_What this task involves_: This task asks for the lines from the one with "antique water fountain" to the final line below, repeated exactly, with pictures omitted.

Given data section start

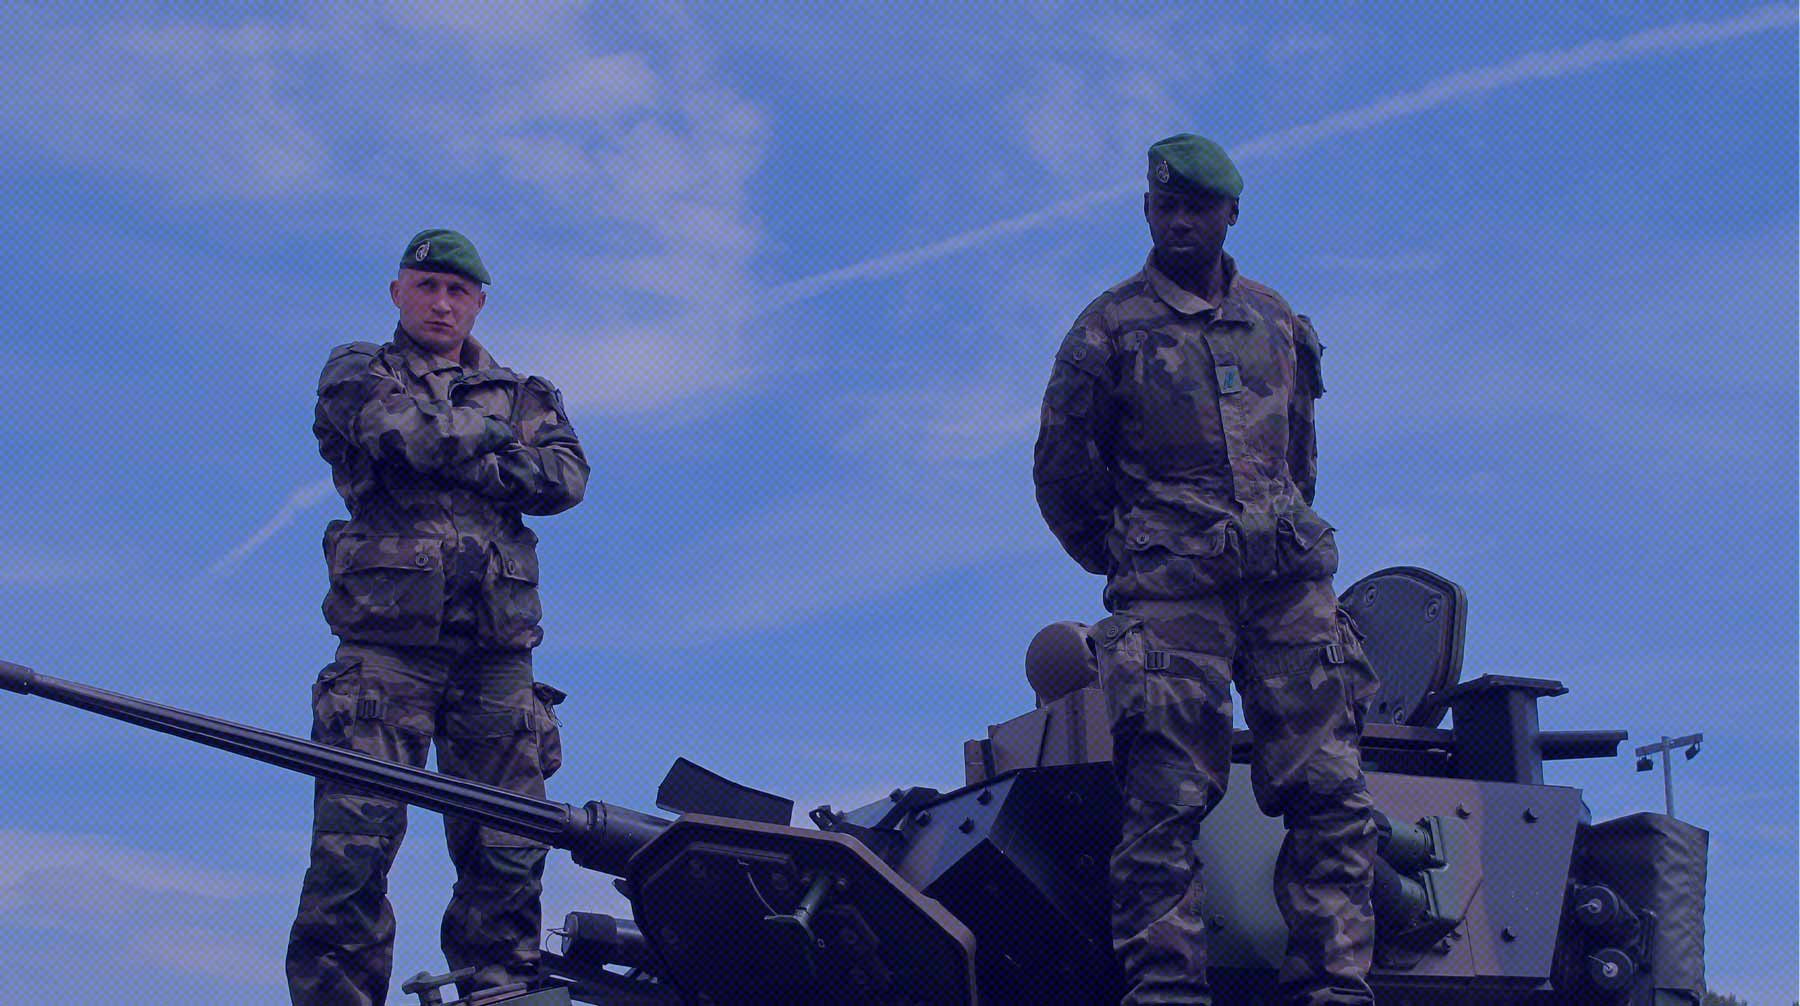 Dailystorm - Военкор Коц назвал слухами появление в зоне СВО солдат французского Иностранного легиона
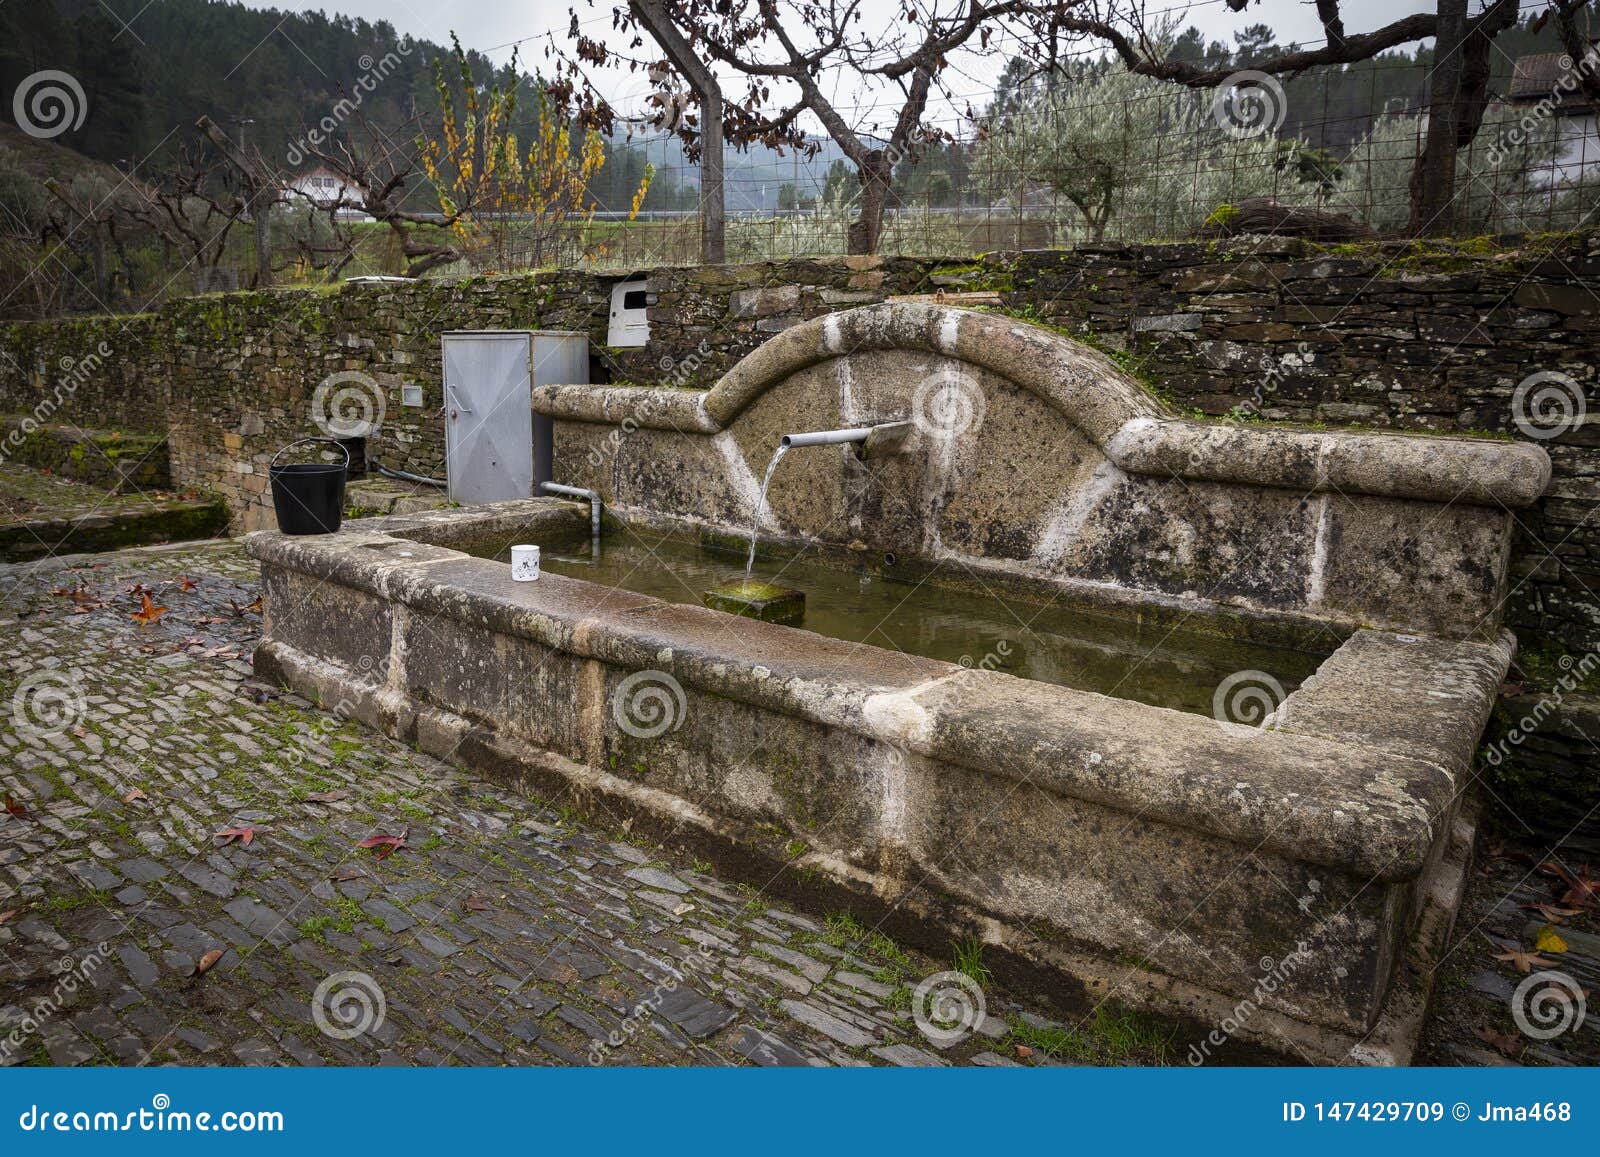 antique water fountain in barroca schist village
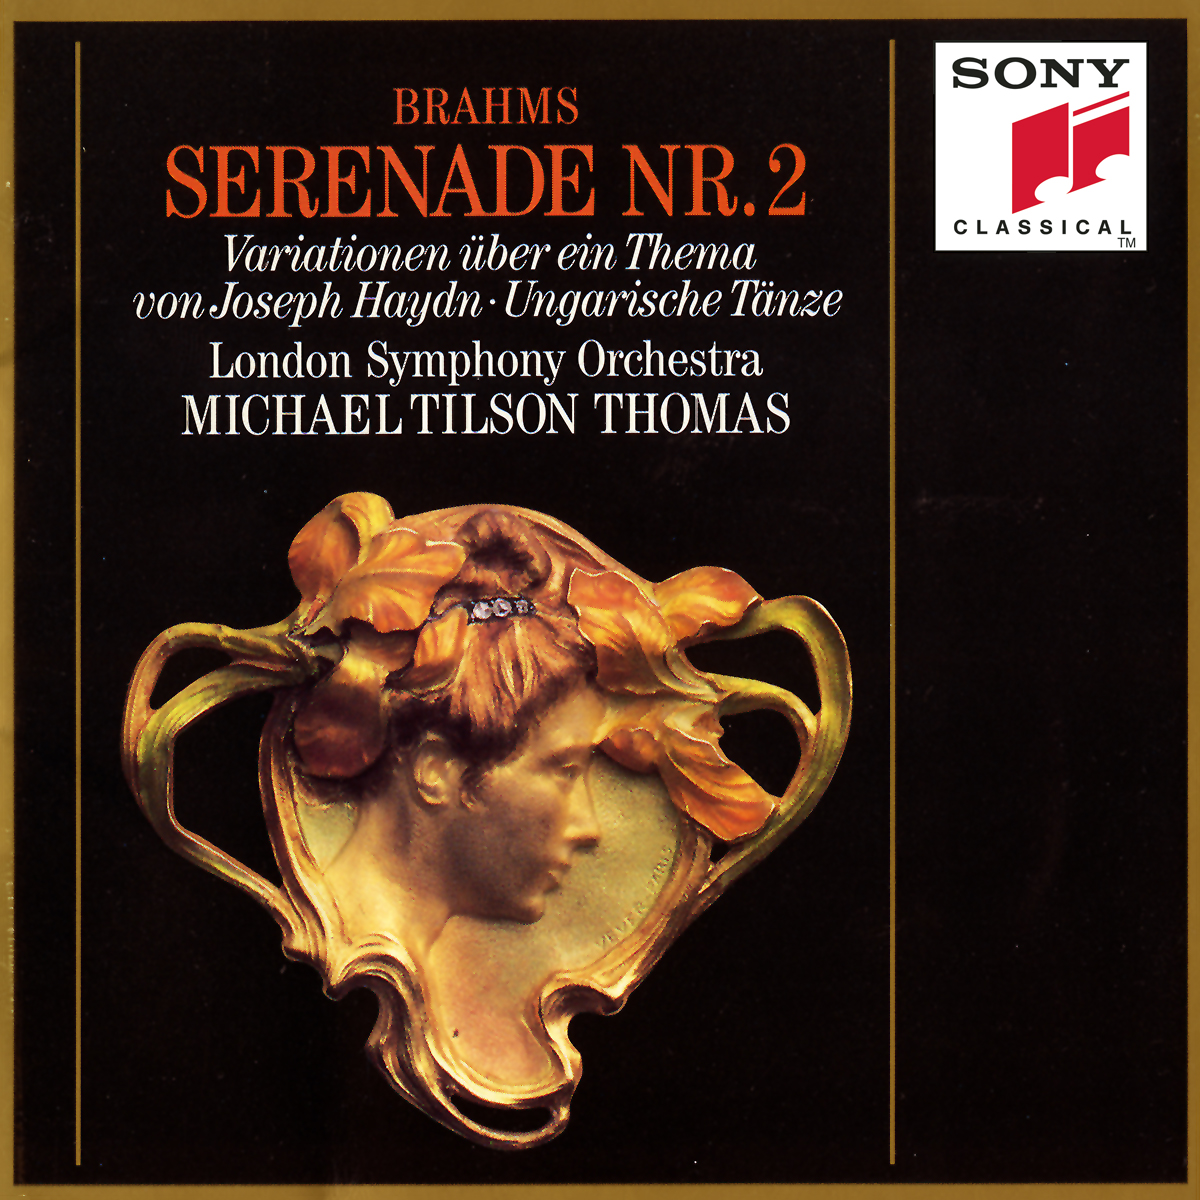 Serenade No. 2 in A Major, Op. 16 for Small Orchestra:I. Allegro moderato

Given data section end

_Reply to the task_:
 antique water fountain in barroca schist village
 Serenade No. 2 in A Major, Op. 16 for Small Orchestra:I. Allegro moderato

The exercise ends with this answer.